In the end, this led to the complete evisceration and obliteration of the firm and it left many people penniless. Even so, the lessons that should be learned from Enron and what happened to that firm are many and they are lessons that should not be ignored or disregarded.

Even if leaders have to go so far as to rattle through checklists and double-checks, missing important things relating to governance and company culture just cannot be missed when there are millions and billions of dollars and the livelihoods of so many people at stake, not to mention affected external stakeholders like customers and community members. Enron & Ethics The overall depth, breadth and sheer magnitude of things that went terribly wrong at Enron are voluminous.

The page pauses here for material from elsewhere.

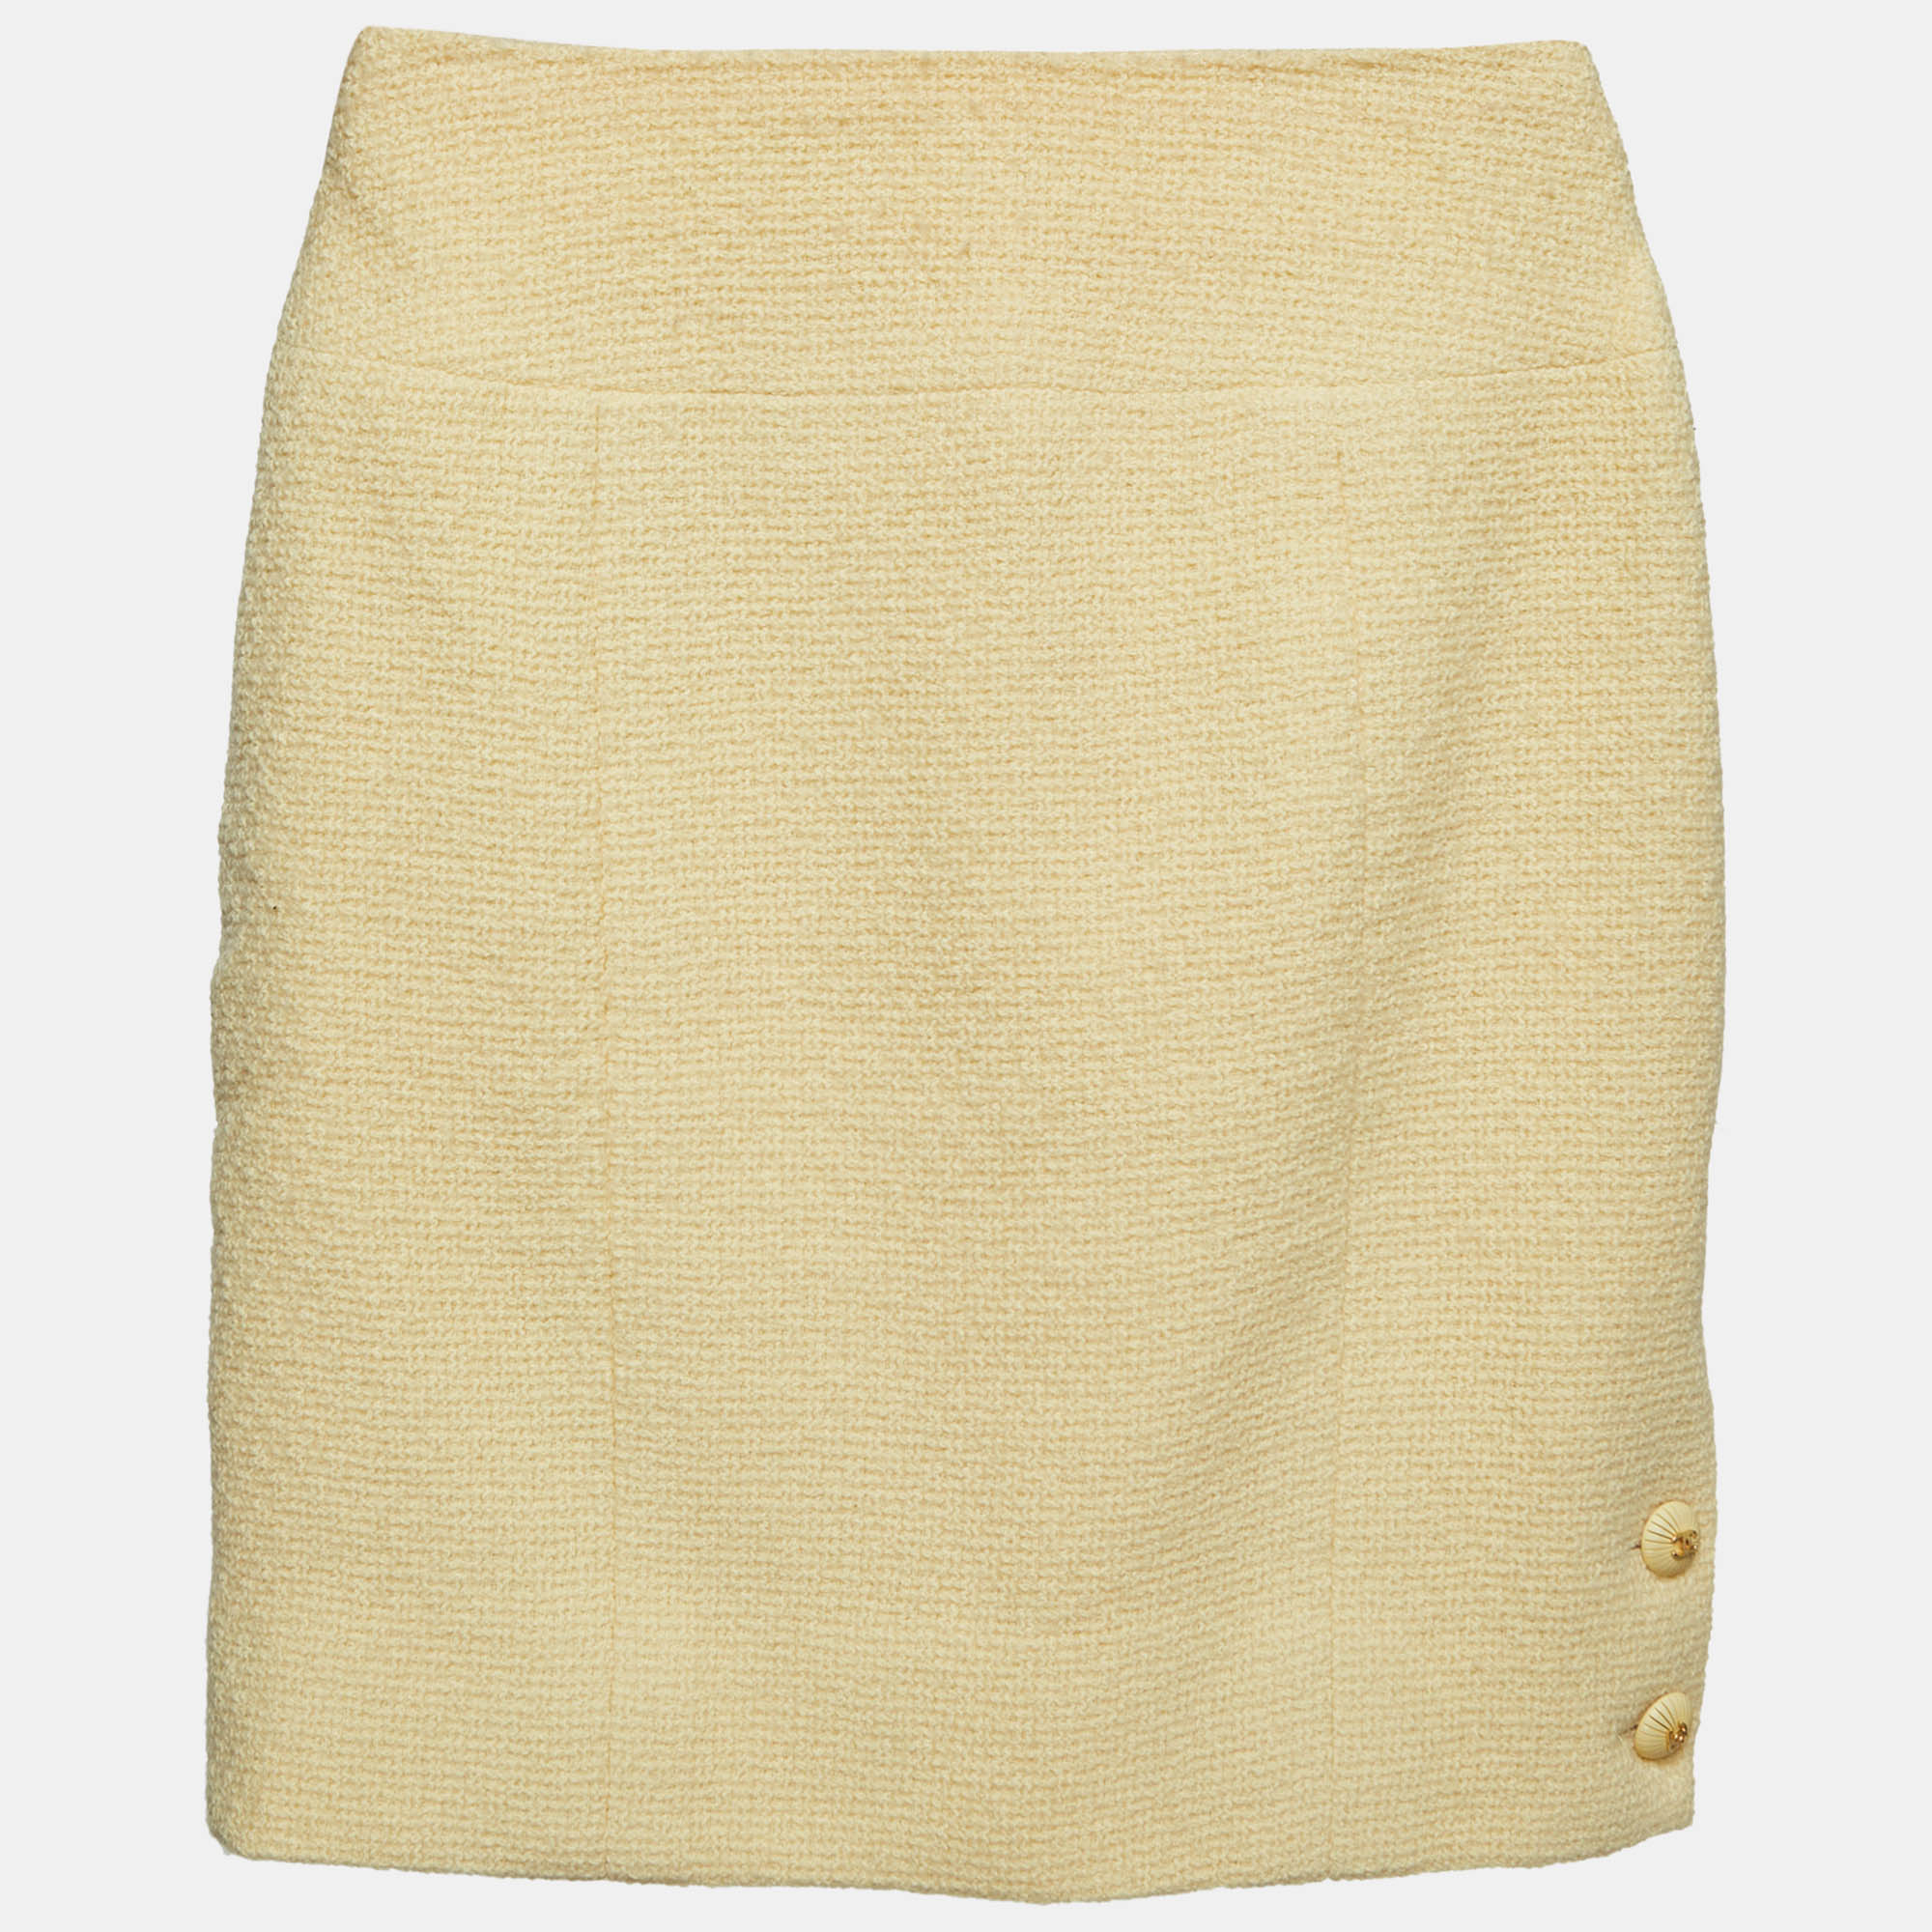 Chanel yellow wool mini skirt xs

Some of it was unwitting and unknown but a lot of it has been revealed as premediated and criminal in nature. Myopic thinking, the lack of proper leadership and the improper influencing of people with a toxic company culture were all in play with Enron. This report will address that myopic thinking, the lessons to be learned, the proper role of corporate governance, how all of this dovetails with the twenty-one laws as put forth by Maxwell and a good checklist to follow when it comes to ethical leadership.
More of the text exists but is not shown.